In-turn, this causes further “daisy-chain” of crash demand and drives the outrageous skew and put skew extremes discussed previously to even more extreme levels (and at risk of “self fulfilling”), all of which creates a vortex of “short gamma” accelerant flow potential lower, on whatever macro shock catalyst which will next drive spot down—and with all sorts of downside catalysts on the “wall of worry” out there in coming months between Delta Variant closure potentials, Fed “Tapering,” “inflation overshoot vs slowing growth” etc which then drives client downside demand (currently see “Gamma Flip” level for dealers down through 4287 as of this morning, meaning the lower we go from there, the shorter the dealer gamma position)
The supply of vol from structural (and often-times systematic) sellers–especially forward vol out beyond a few weeks–too has been greatly reduced vs past, with some of the largest players, books and strategies having been infamously “wiped” from the buy-side in recent years (AUM greatly reduced at the very least), alongside a number large market-maker blow-ups due to same events, and the aforementioned dealer inability to be short tails of meaningful size or term

So this tight range with dealer long gamma pinning us at 4,400 now, as short-dated “strangle selling” flows are the only winning trade to be found—but ends up creating a synthetic stability which is shockingly unstable due to leverage accumulation from compression feeding low rVol allowing exposure to drift higher—against still 95-99%ile skew and downside put skew = “good times”
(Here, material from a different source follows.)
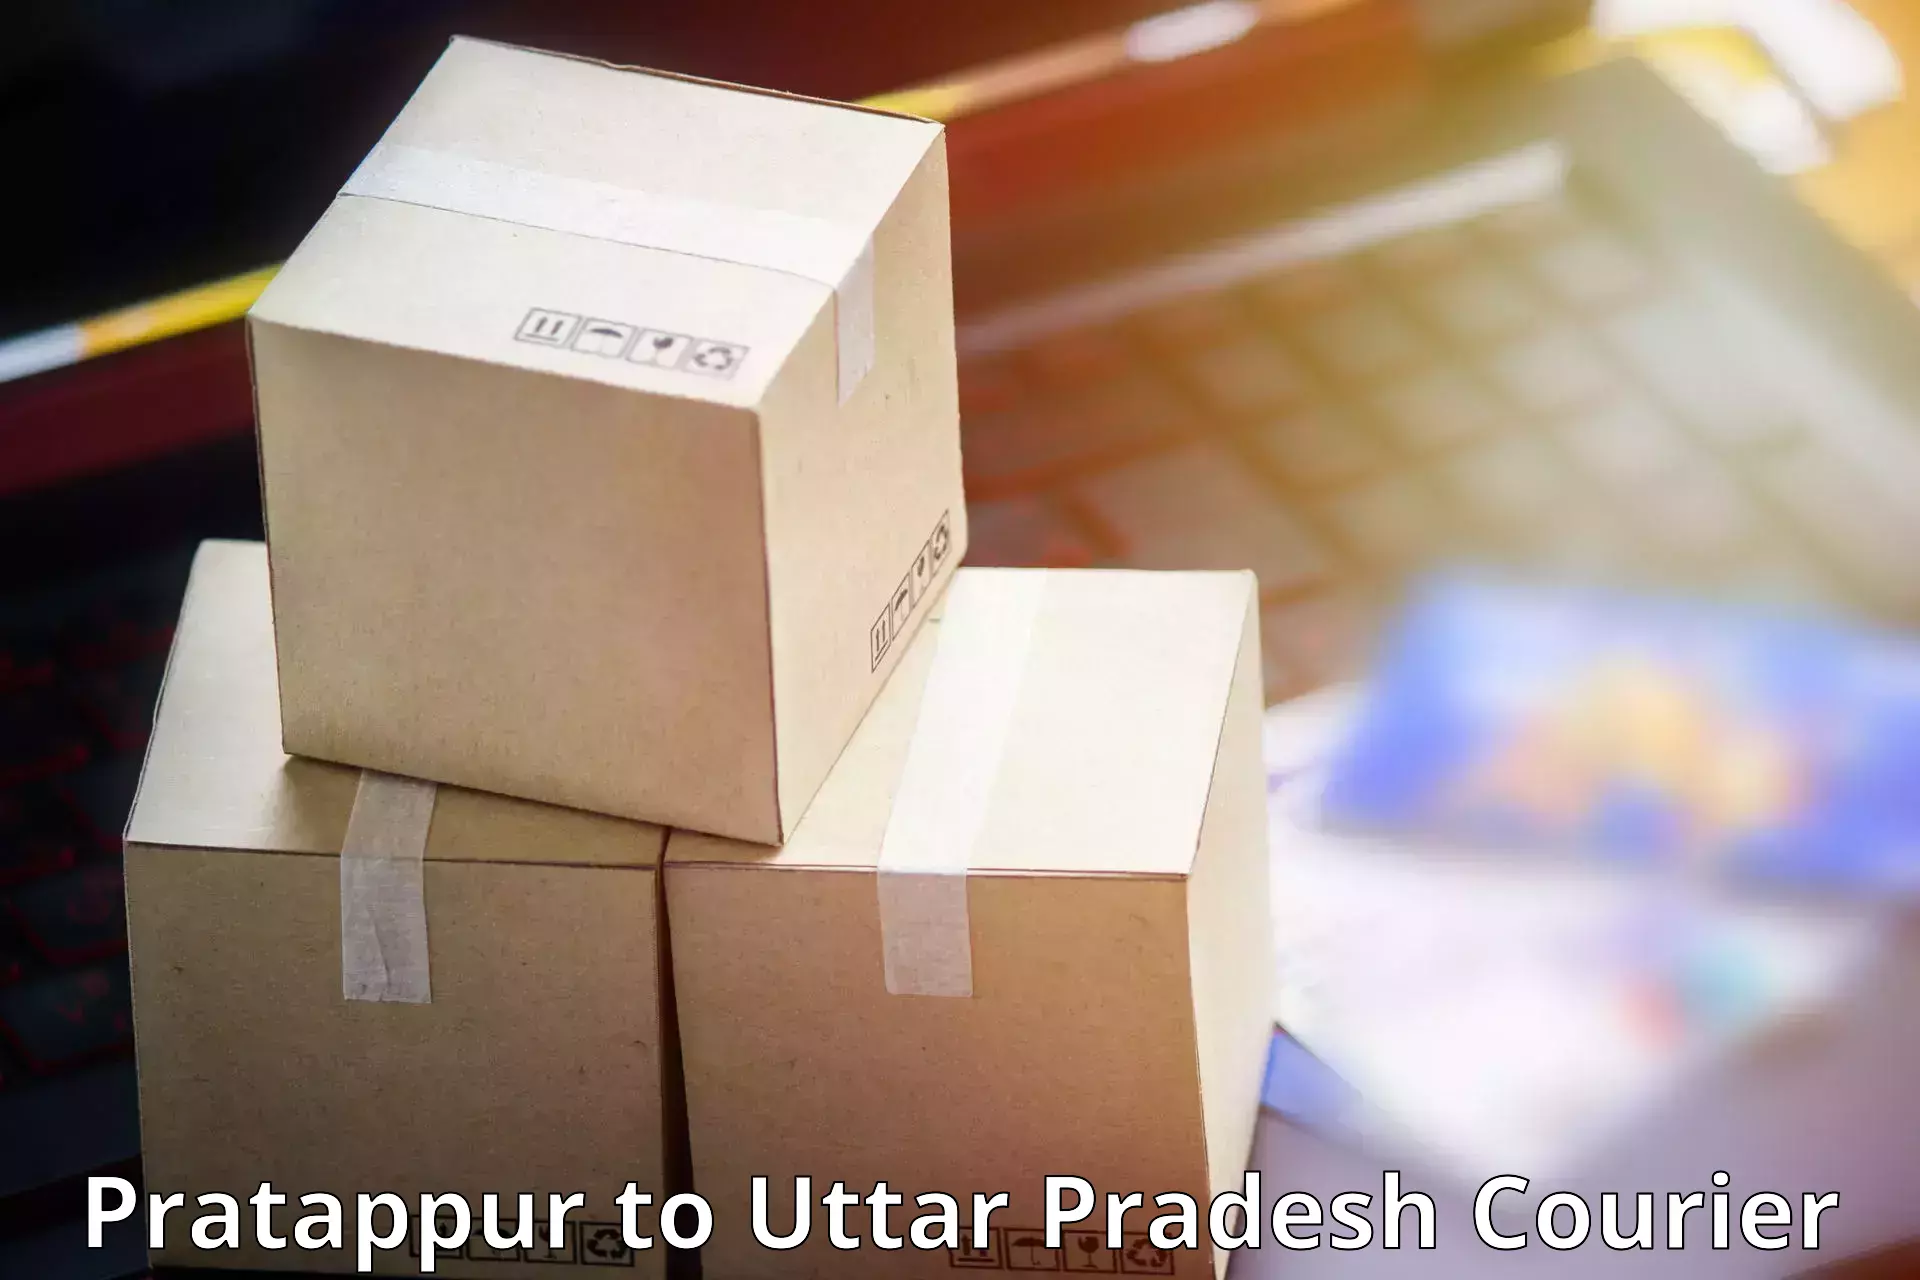 Courier service comparison Pratappur to Chiraiyakot

So heading into an NFP event which looks short-term “binary” from a Rates market perspective tomorrow, vs straddles not pricing much event risk in Eq Index Vol space, McElligott thinks that traders “really need to look at paying some theta / owning some index gamma…or think about the risk of a potential vol repricing in the barbell that is “rates sensitive” Equities (i.e. “growth vs value” or “tech vs financials”), where it’s most probable that we could see some of this “gap btwn rVol and iVol” dynamic get trued-up fast.”

As a tangent, the Nomura trading desk is noting a rate vol play or hedge into tomorrow’s NFP as LQD and its 6.5% implied vol by pushing Sep 135/125 Put Spreads, as of course investment grade credit carries meaningful duration / interest rate sensitivity risk.

The “good news” here, according to Nomura, for those that don’t want a move in SPX / SPY is that a lot of the dealer “long gamma” doesn’t look to be dropping off at tomorrow’s expiry, so that helps from an “insulation” perspective…although conversely, duration-sensitive QQQ shows a larger ~27% of the gamma set to drop (and 99%ile $Delta–so there is plenty to de-risk)…

…  and ~29% of the economically-sensitive IWM gamma (where I’d note the $Gamma is -$564mm, just 0.9%ile—and $Delta is -$9.9B, really negative at 6.9%ile…yikes)…which just means potential for movement.